Full Length ArticleMagnitude and variability of gait characteristics when walking on an irregular surface at different speeds
Introduction
Humans are exposed to uneven terrains in their everyday lives. These are either intentionally chosen, like during trail-walking, or unintentionally experienced, like facing cobbled sidewalks (Daley, 2008, Gates et al., 2012, Voloshina et al., 2013). Methods that induce gait instability on purpose, such as unstable footwear, have received increasing interest, as being regarded to provide general functional training benefits (Apps et al., 2017, Nigg et al., 2012, Romkes et al., 2006, Stöggl and Müller, 2012) or being used as rehabilitation tools (Landry et al., 2010, Waddington and Adams, 2004, Wedderkopp et al., 1991, Wester et al., 1996). These methods require the neuromuscular system to continually make alterations to counteract the instability induced, which has been observed through an increase in movement variability (Apps et al., 2017). Regular use of these methods is suggested to enhance balance and train lower-limb musculature (Nigg et al., 2012). Recently, irregular surfaces have been used to investigate the effects of less predictable and variable instability during locomotion (Sterzing et al., 2014, Müller and Blickhan, 2010, Voloshina et al., 2013).

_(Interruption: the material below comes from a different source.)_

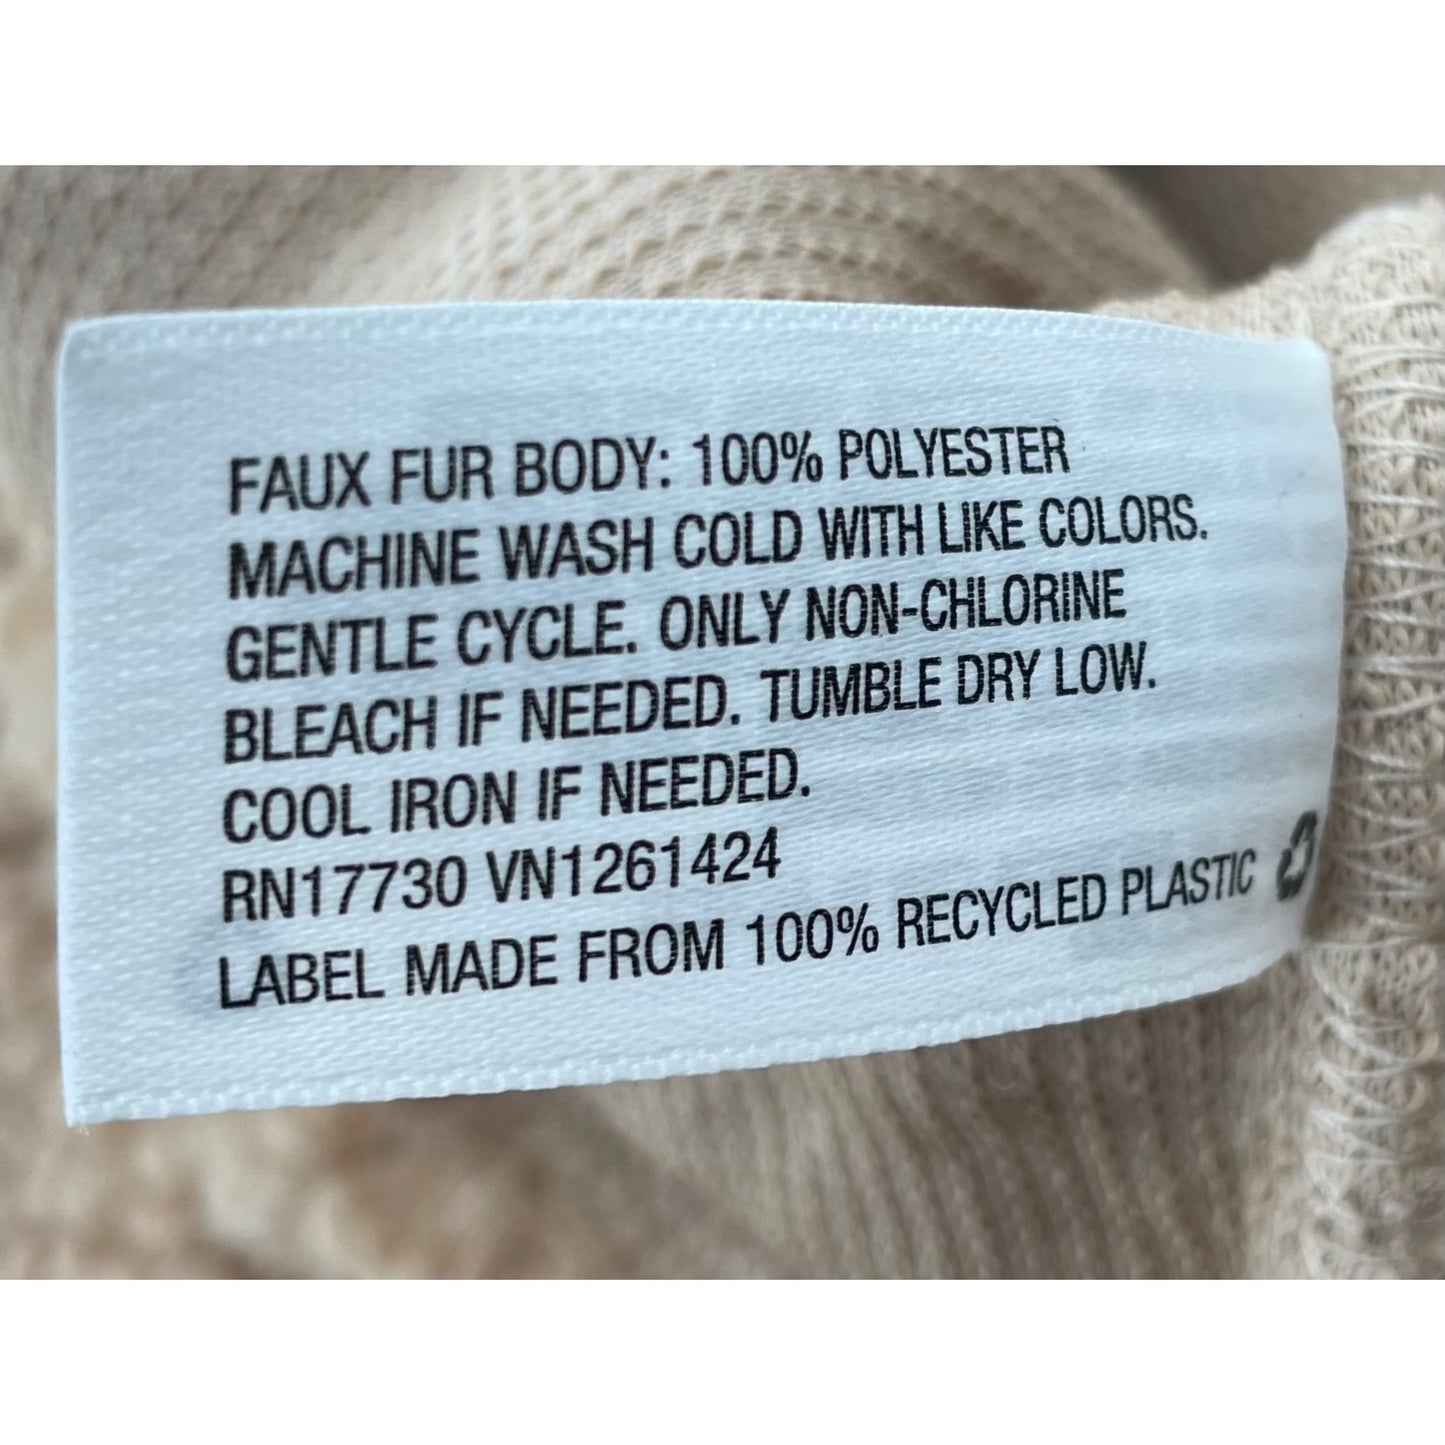 Wild Fable Women's Size XS Blush Pink/Mauve Teddy Faux Fur Crop Top Crew Neck Sweater

When initially exposed to an irregular surface (IS), the infinite landing possibilities impair users’ ability to sense and control ground contact during walking, causing them to rely on active and passive lower-extremity alterations to maintain stability (Sterzing et al., 2014). Individuals demonstrated increased hip and knee joint flexion with lower ankle dorsiflexion during the gait cycle when walking on an irregular surface (Apps et al., 2017, Gates et al., 2012, Müller and Blickhan, 2010, Sterzing et al., 2014). Increased muscle activation of the gastrocnemius medialis (GM), vastus medialis (VM) (Apps et al., 2017, Voloshina et al., 2013), peroneus longus (PL) (Sterzing et al., 2014) and biceps femoris (Apps et al., 2017) are also acute responses. Further, increased variability in lower-limb kinematics and muscle activity is evident (Apps et al., 2017, Gates et al., 2012, Sterzing et al., 2014, Voloshina et al., 2013), which is associated with functional training benefits (Apps et al., 2017, Latash, 2012, Sterzing et al., 2014).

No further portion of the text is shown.